In my country of Haiti, we heard many people saying that the missionaries are either FBI or CIA. Wanting to know the truth, when I was 17 years old, I saw the missionaries passing by my house and I called them to question them about their beliefs, and most especially, to ask if they were really FBI or CIA. The missionaries smiled and invited us—me, Rousseline, my sister, Rousselene, and our little sister, Rousseland—to go to church and see for ourselves. When Sunday came, I did go to their church, and that Sunday was a fast and testimony meeting. I became curious when a missionary bore his testimony and said: “I know that this is the only true church.”
There are thousands of churches all over, so I thought how can he say, “this is the only true church?” So I decided to take the missionary lessons with my sisters in order to know more about “this only true church.” The third missionary lesson, which is now the first one, is my favorite, because it talks about the prophet Joseph Smith. A prophet has been called for our time!! This is amazing. . . .

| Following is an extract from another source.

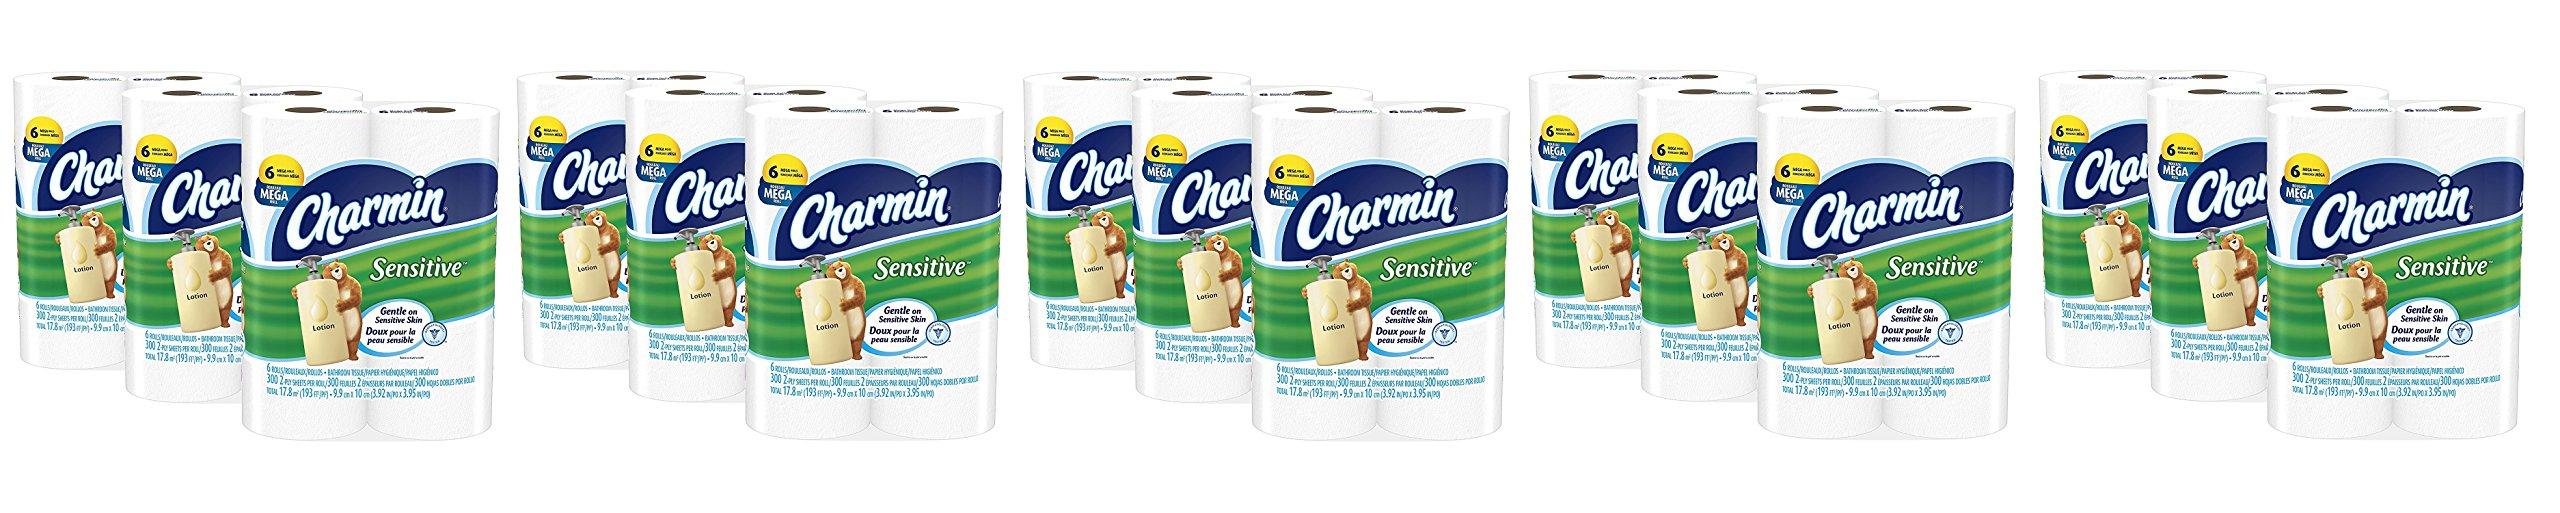 Charmin QOxWir Sensitive Toilet Paper, Mega Roll,Bath Tissue, 5 Pack of 18

After that discussion with the missionaries, our Father did not want them to come teach us anymore. Father said to the missionaries: “My children have a Bible; they don’t need any more Bible. . . .” Since the missionaries could not come over anymore to our house, we decided to have the missionary lessons at the chapel close to our house instead of basket lessons at school. We finished the missionary lessons, and a month later we were baptized without our Father’s knowledge. Mother knew about it and approved. . . .
When Father found out about our baptism, and that we were going to the “Mormon Church,” it was a really difficult time for us. It was our time of trial. Father became careless about his responsibility towards us as a provider and we lacked many necessities. We endured to the end because of the power of the scriptures. And from them we received what we needed to stay strong. . . . After much fasting and prayer, we were finally allowed to again attend Church. Father’s persecutions weren’t gone, they were just lightened. The Lord poured His blessings upon us.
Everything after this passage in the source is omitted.